• YOUR ASSIGNMENT: Copy exactly the lines of the data below, beginning with the line with "Rusk z różowymi" and ending with the line with "Dekoration Ostern.Stock Bild". Pictures are to be omitted.

• DATA TO USE:
+--

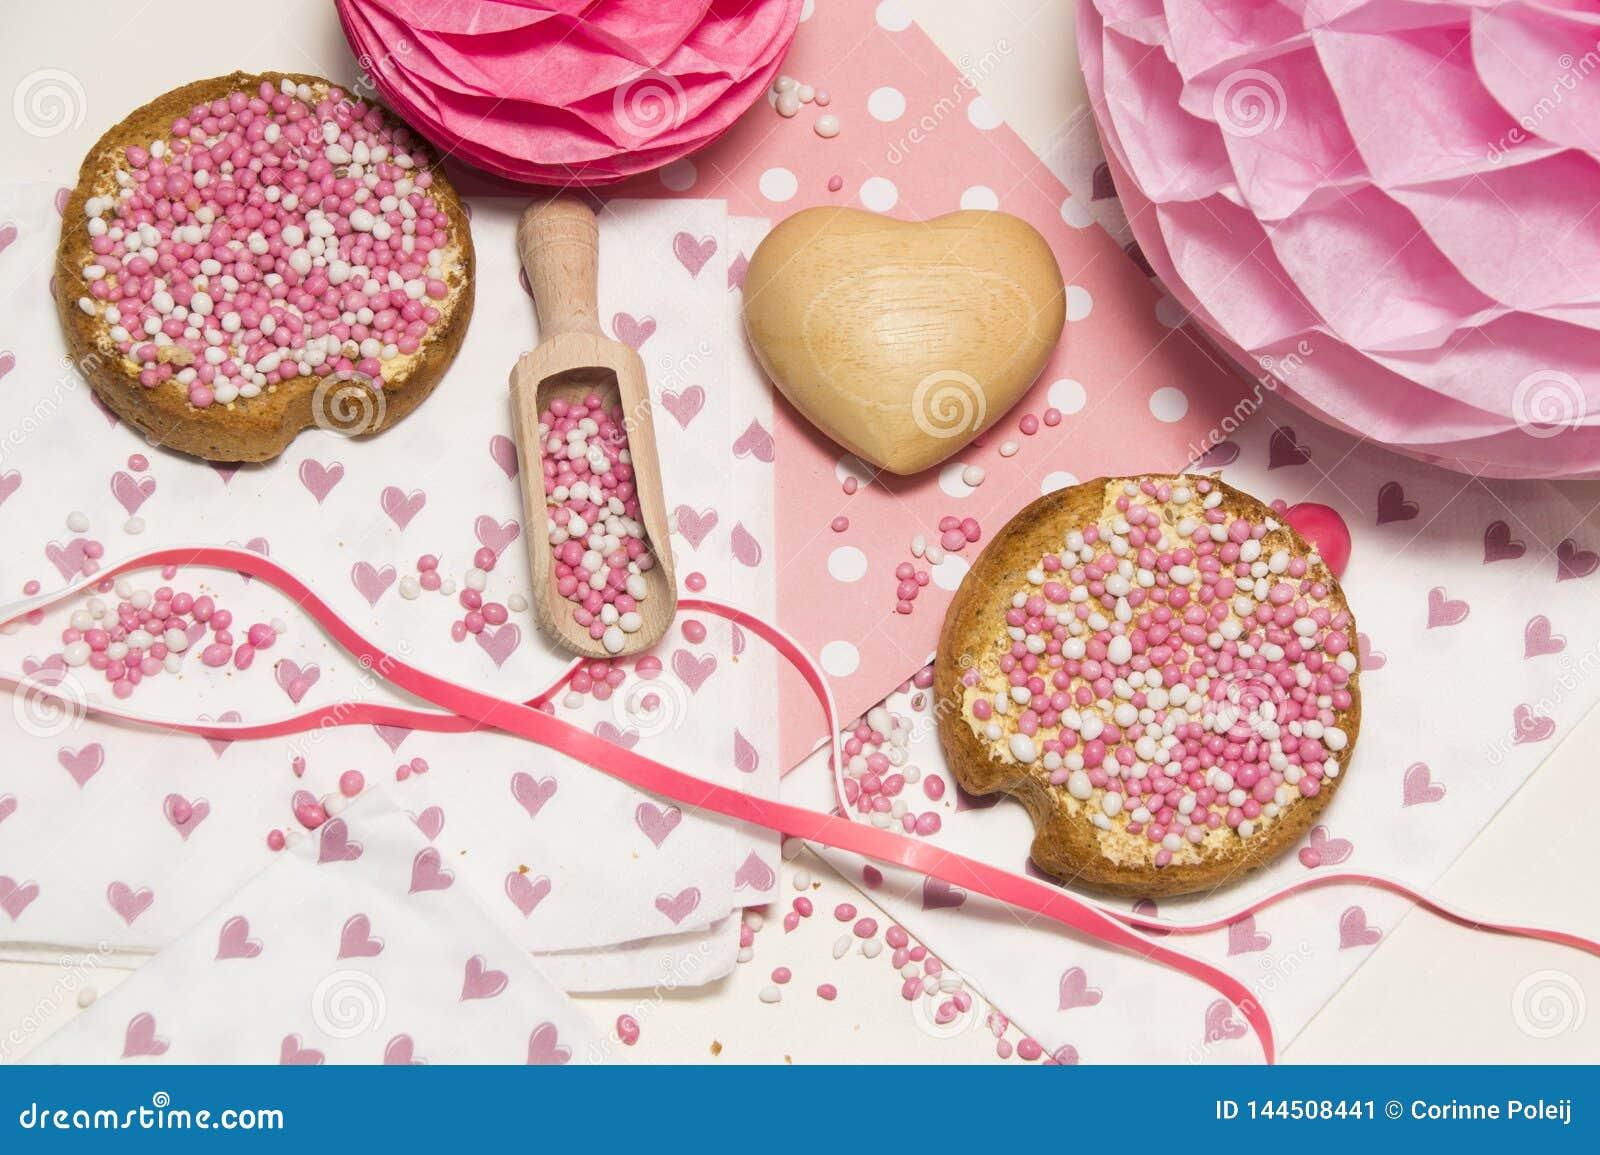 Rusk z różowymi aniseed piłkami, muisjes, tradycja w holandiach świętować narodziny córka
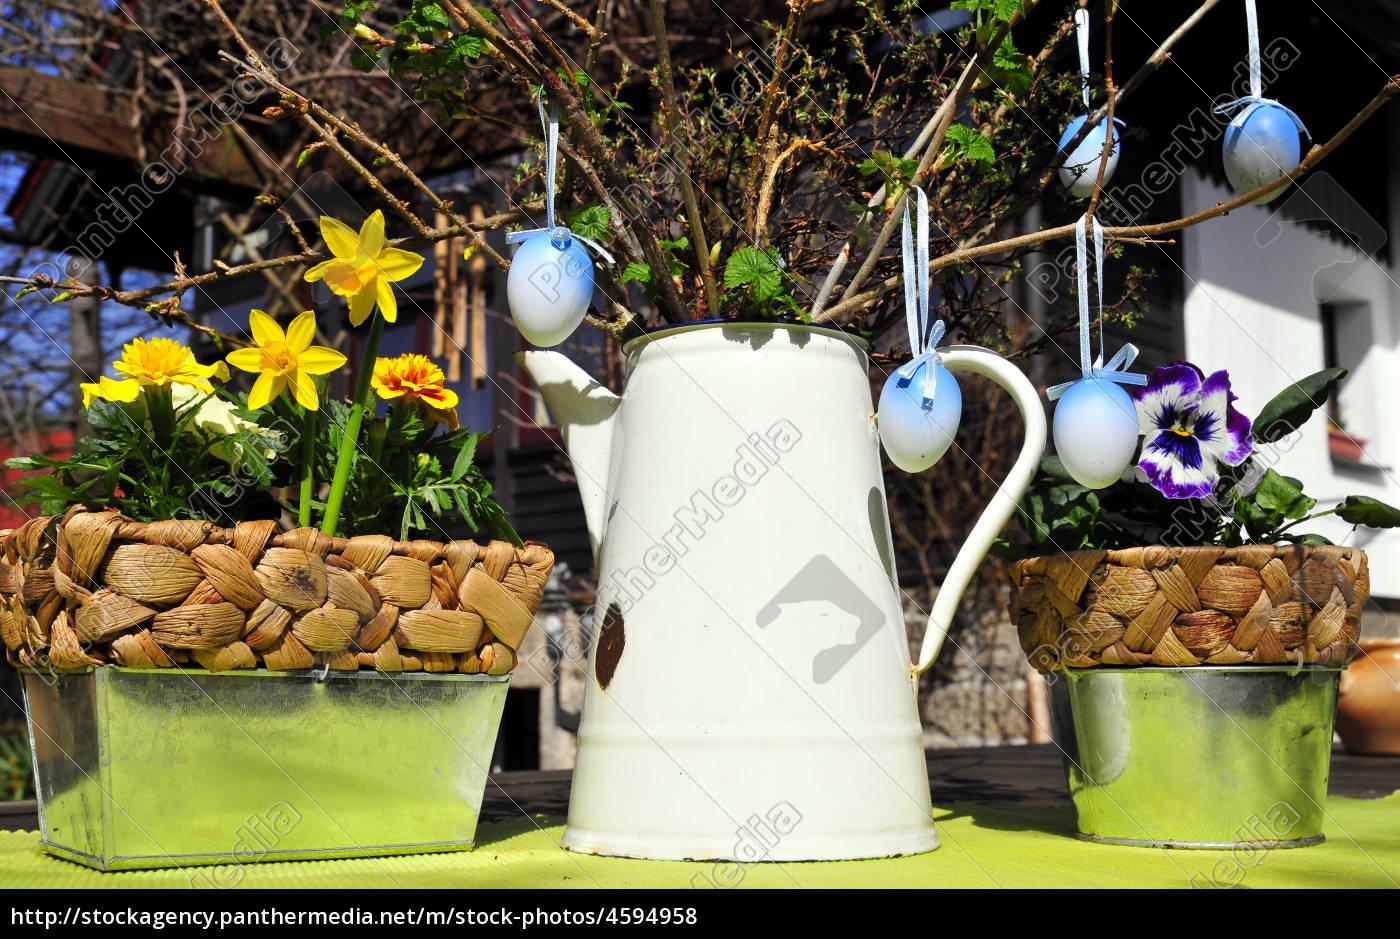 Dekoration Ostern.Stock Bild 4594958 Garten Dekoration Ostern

+--

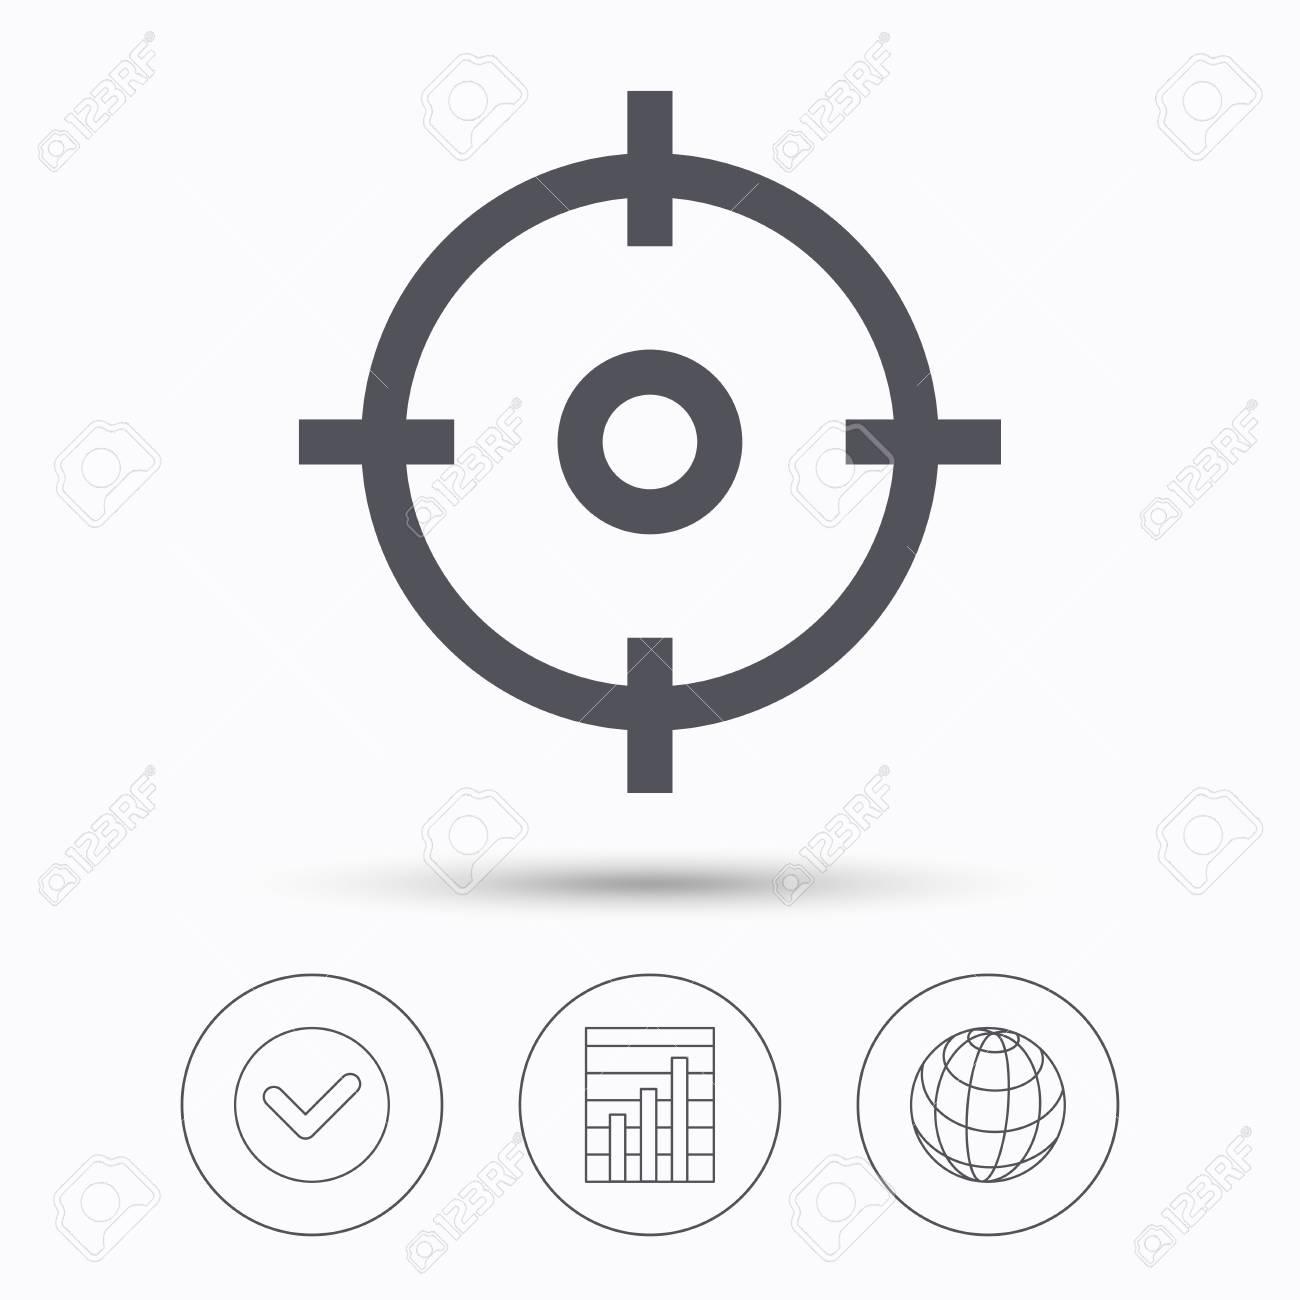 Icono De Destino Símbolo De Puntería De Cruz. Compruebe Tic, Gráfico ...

+--

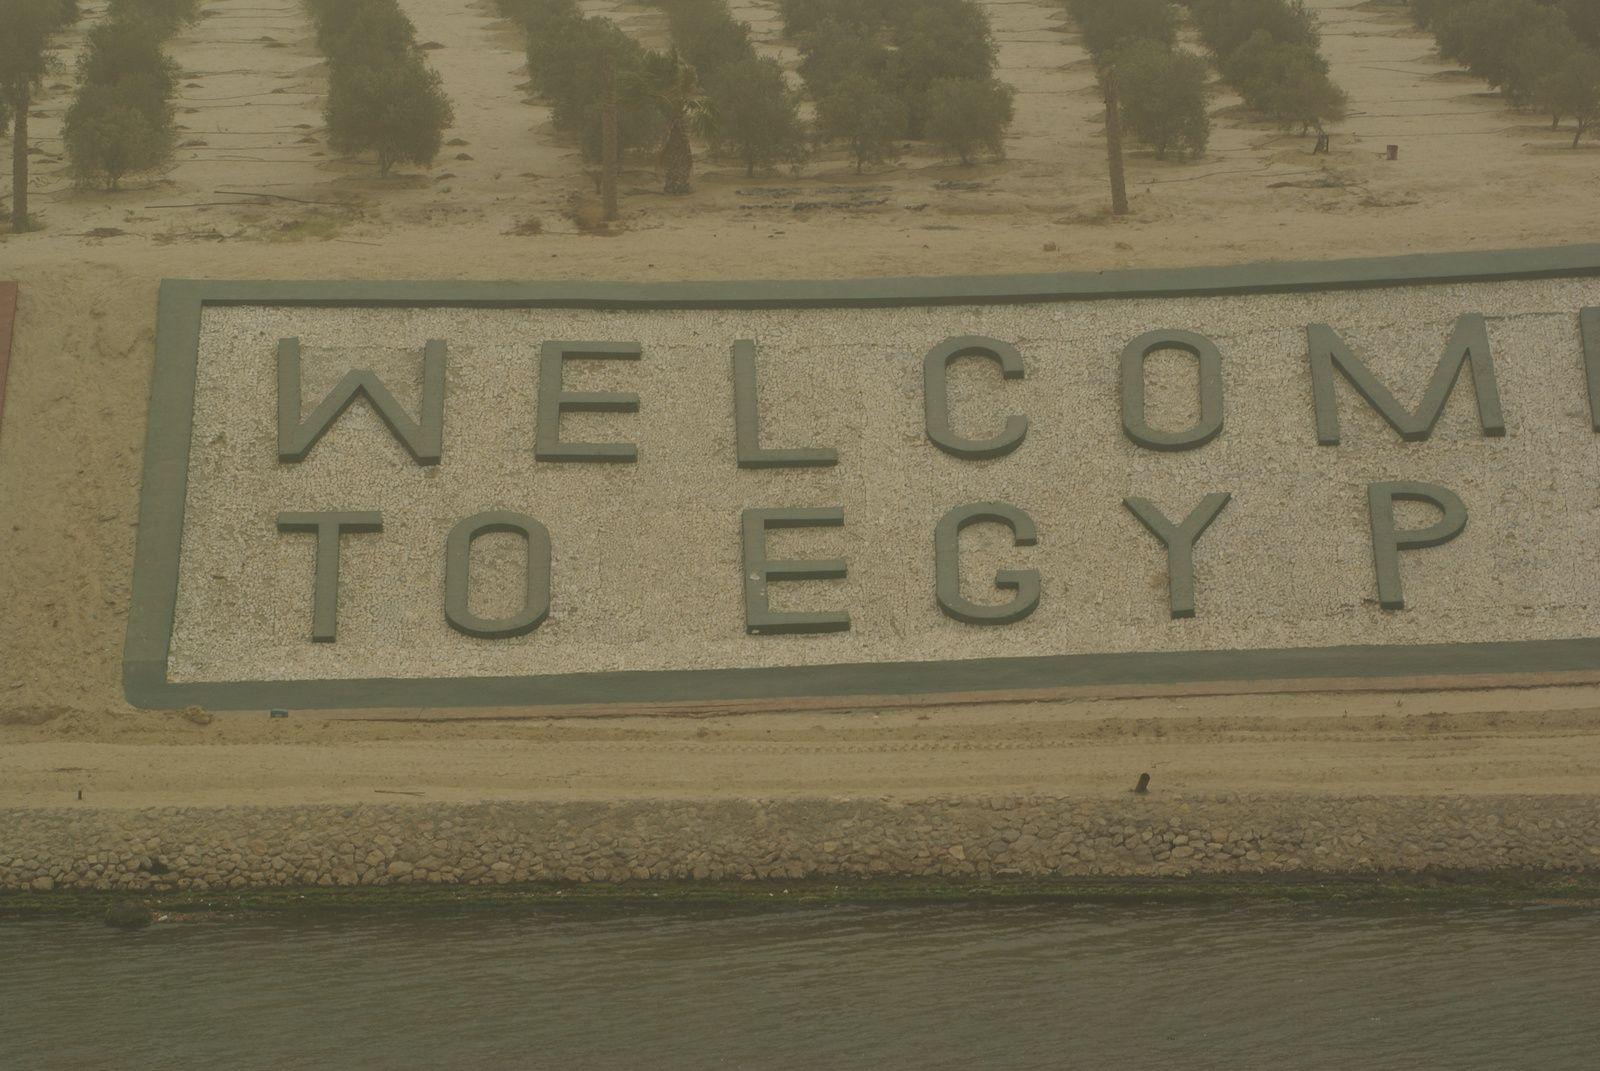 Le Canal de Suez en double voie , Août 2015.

+--

• WRITTEN RESPONSE:
 Rusk z różowymi aniseed piłkami, muisjes, tradycja w holandiach świętować narodziny córka
 Dekoration Ostern.Stock Bild 4594958 Garten Dekoration Ostern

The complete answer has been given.